Tanımı : Ergin; 4-6 mm. boyunda, parlak kahve ve bal renklidir. Baş ve antenler sarı göğüs üzerinde 3 adet açık kahve renginde bantlar vardır. Dişilerde karın daha geniş yapılı olup sonunda yumurta koyma iğnesi bulunur. Yumurta 0.7-0.9 mm. boyunda, mat beyaz renkli ve mekik şeklindedir. Larva; ayaksız ve şeffaf beyaz renklidir. Baş ince, vücudu geriye doğru kalınlaşır, konik silindirik görünüştedir. Olgun halde 6-8,5 mm boyunda, 1.3-1.9 mm enindedir. Pupa; boyu 3.8-5 mm. eni .7-2 mm. kahve renkli ve fıçı şeklindedir.
Biyolojisi: Zeytin sineği çoğunlukla kışı toprağın 2-5 cm derinliğinde pupa halinde geçirilir. Erginler hazirandan itibaren topraktan çıkmağa başlar ve yumurta koyma olgunluğa gelmek için bir süre civardaki tatlı maddelerle beslenirler. Meyvelerin yumurta konulmaya elverişli hale gelmeye başladığı 20 hazirandan sonra meyvelerde ilk yumurtalar görülür. Yumurta meyvenin 0.5-1 mm derinliğine bırakılır. Bir dişi 200-250 yumurta koyabilir. Yazın kuluçka süresi 18 °C’ de 2 gündür. Bu süre sonbaharda 6-.10 güne kadar uzar.

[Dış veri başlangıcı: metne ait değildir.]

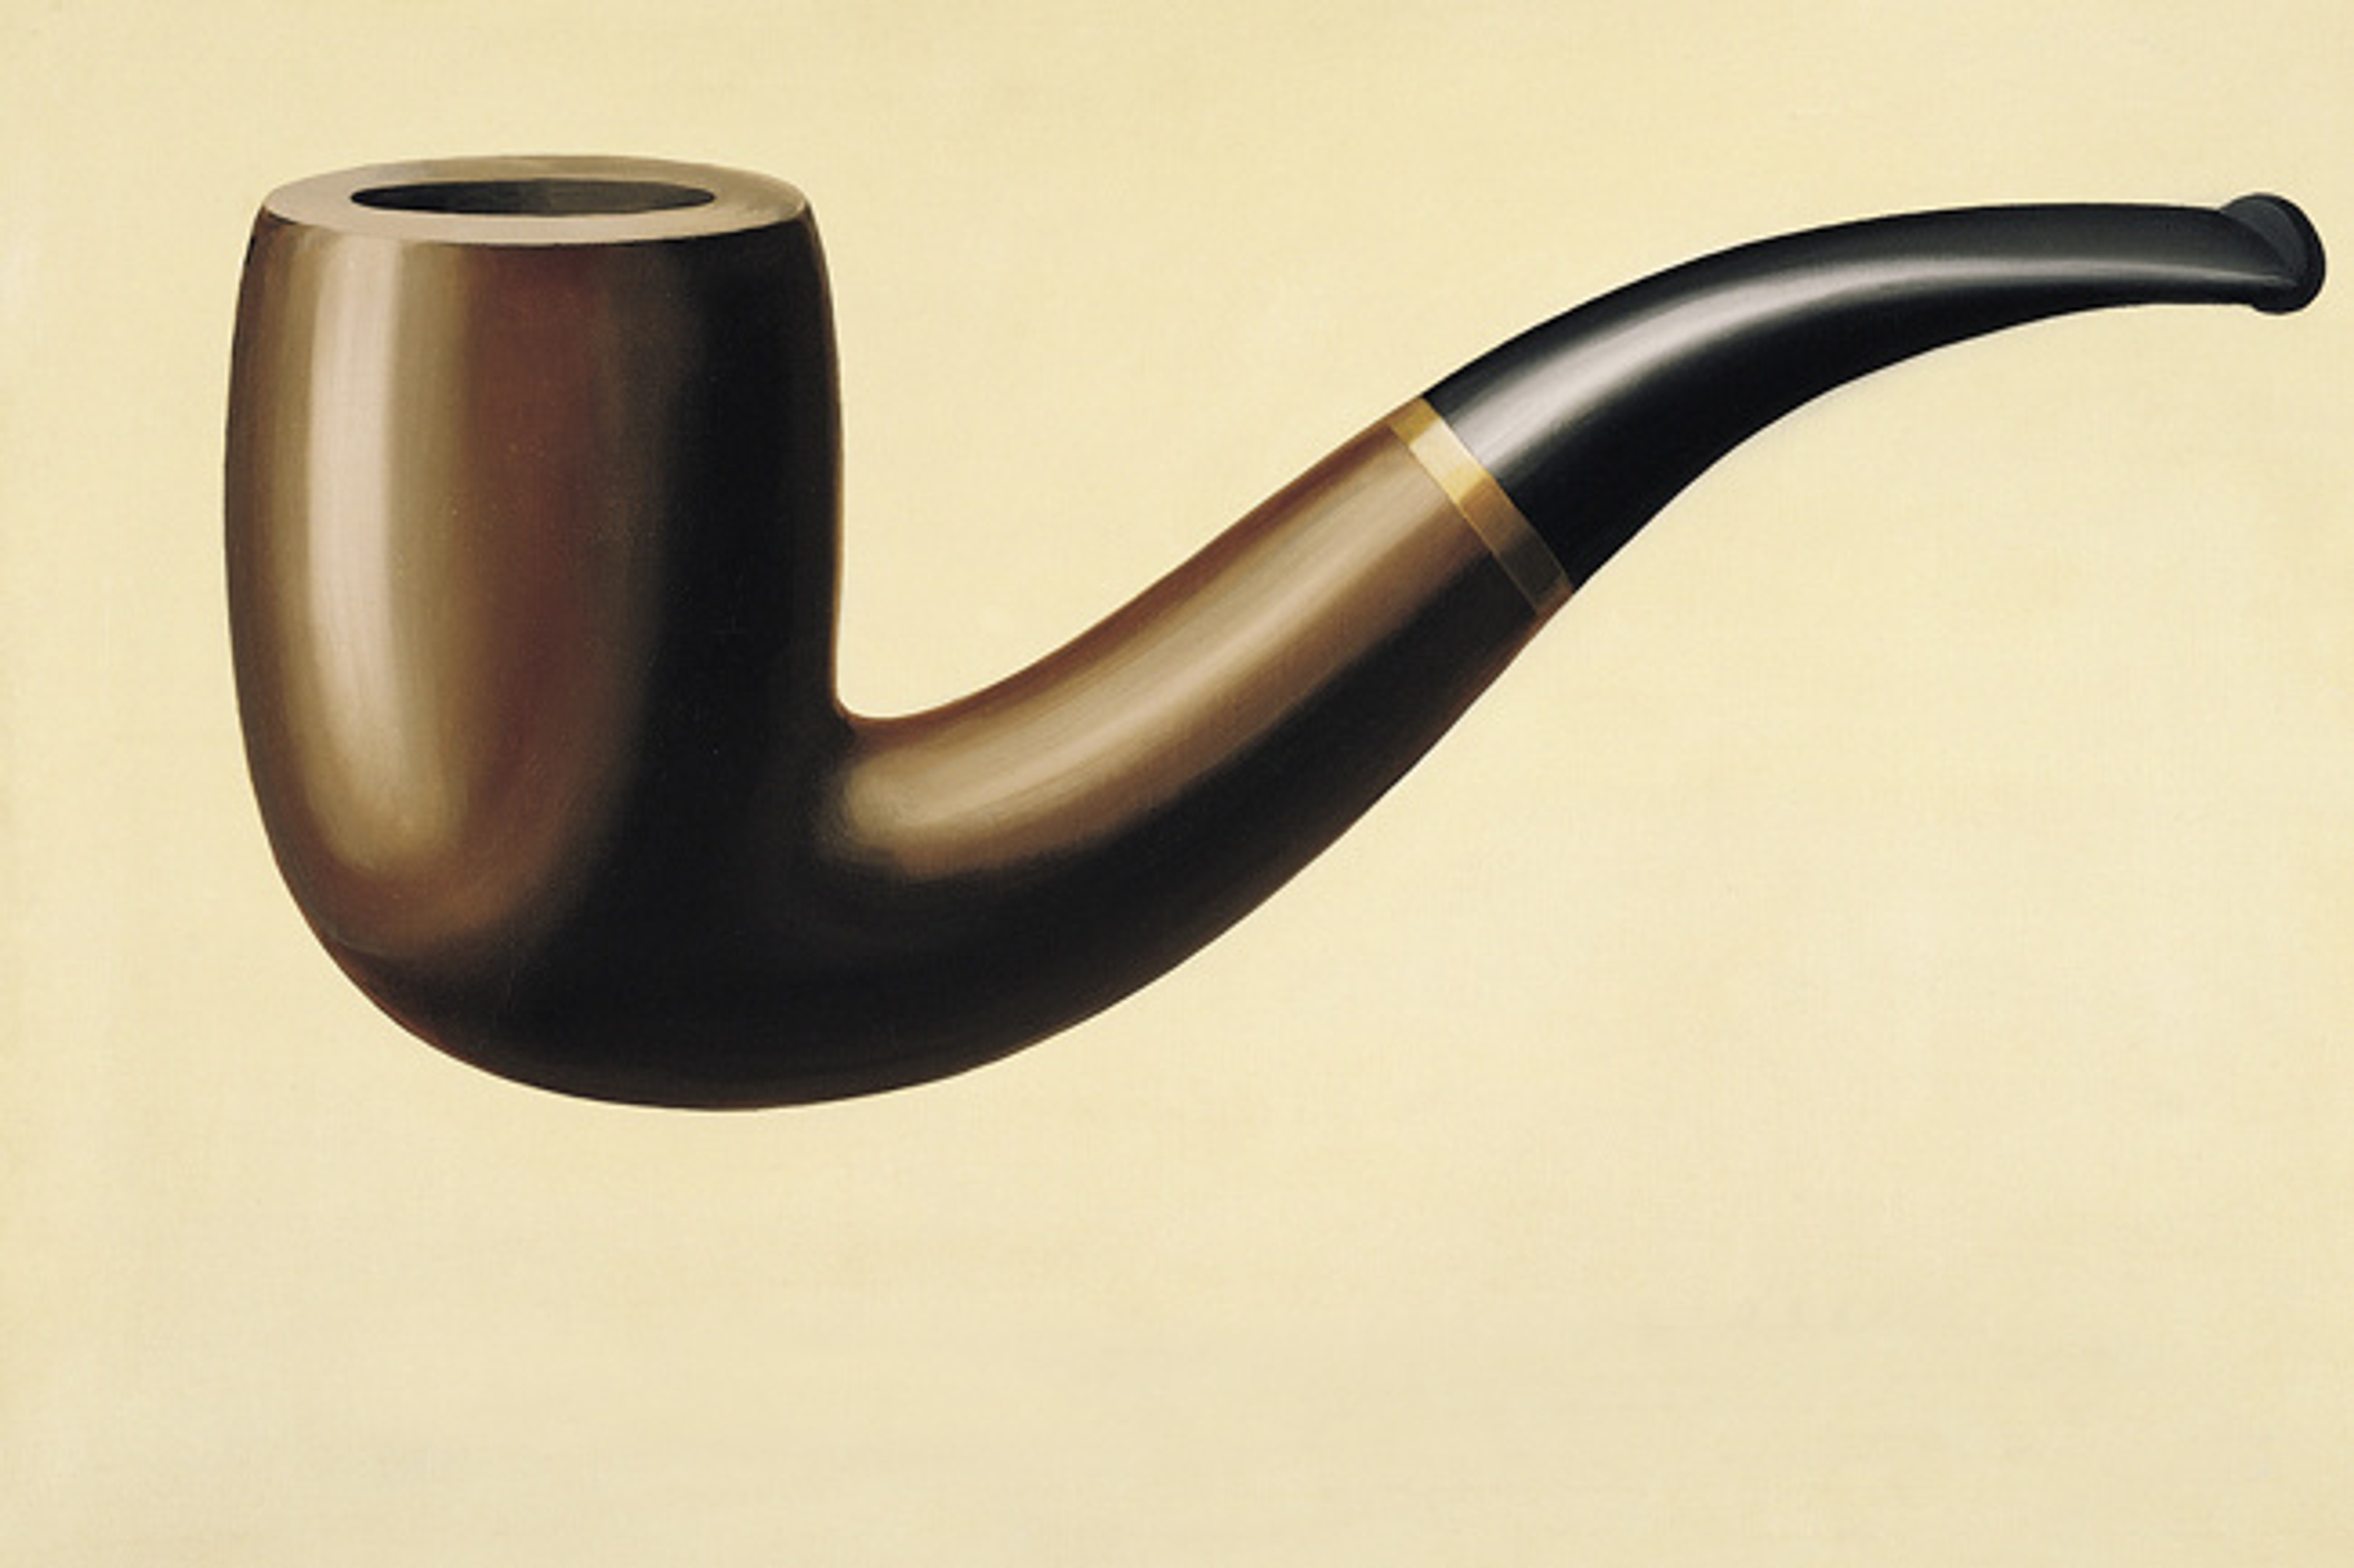 New Feature: Paintings On The Wall - René Magritte (1898 - 1967)
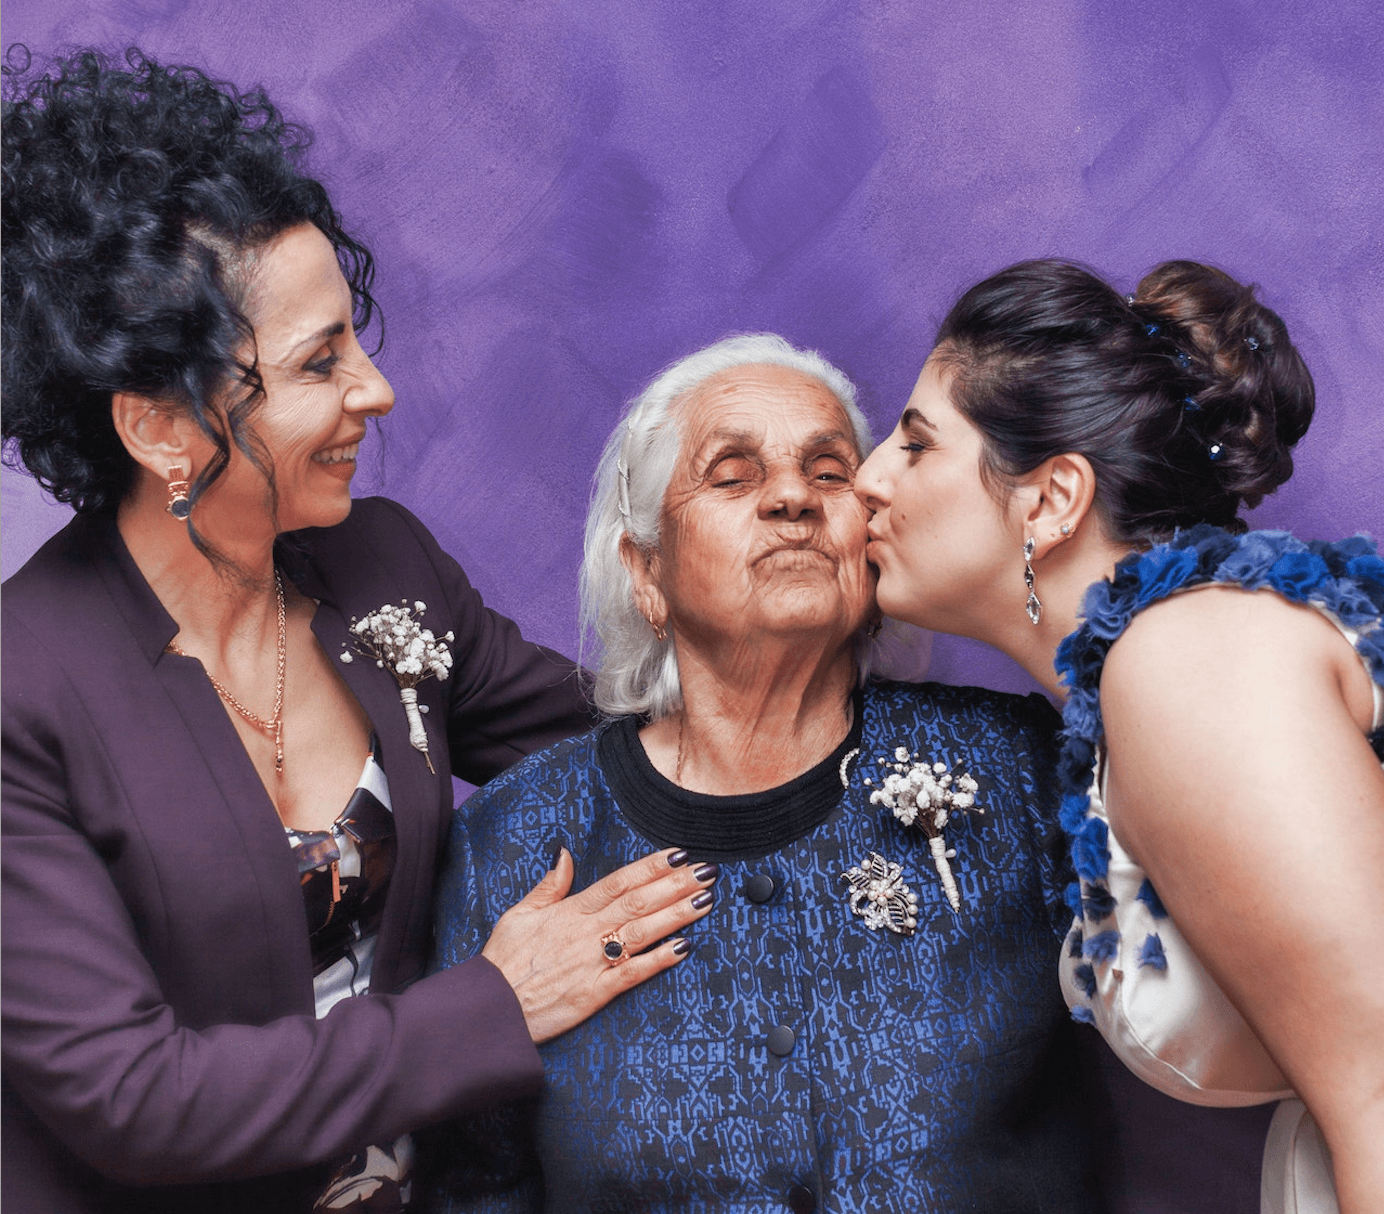 A grandma in blue is flanked by her daughter on the left, in purple, and her granddaughter on the right, who kisses her cheek.

Yumurtadan çıkan larva meyve etinde galeriler açarak beslenir. 1,2,3, larva dönemlerini tamamlayarak olgun larva haline gelir. Larva gelişme süresi 15-16 gündür. Olgun larva meyvenin yüzeyine gelir, meyve zarını kemirerek inceltir ve 2-3 mm geri çekilerek pupa olur. Pupa mevsim başında meyve içinde, zarar periyodu sonunda toprakta veya ağaç üzerinde oluşur. Pupa süresi iklimle ilgili olarak 4-12 günden bir kaç aya kadar devam edebilir. Eğede 4-5; Marmara’da 3-4, Güney Anadolu’da 2-5, Karadeniz Bölgesinde 3-4 nesil vermektedir. Bir neslin gelişme süresi 30-40 gün kadardır.
Zararı: Zeytin sineği larva döneminde ve meyve etinde zararlı olarak bulunur. Larva gelişme süresinde çekirdek etrafında galeriler açarak beslenir. Böylece meyvelerin çürüyerek dökülmesine, zeytin yağı miktarının azalmasına kısmen de yağda asit çoğalmasına neden olur. Bilhassa sofralık zeytinlerde zararı daha önem taşımaktadırZarar oranı normal yıllarda% 15-30, salgın yıllarda % 60’a kadar ulaşmaktadır Yılda % 30 kadar ürün kaybına sebep olduğu tahmin edilmektedir.Akdeniz ülkelerinden Arjantin’e kadar yayılmış durumdadır. Ülkemizde Ege Marmara, Güney Anadolu ve Doğu Karadeniz Bölgesi zeytinliklerinde de yaygındır.
Not: İlaçlama yapıldıysa 10 dekara 1 tuzak, ilaçlama yapılmadıysa 1 dekara 1 tuzak uygundur.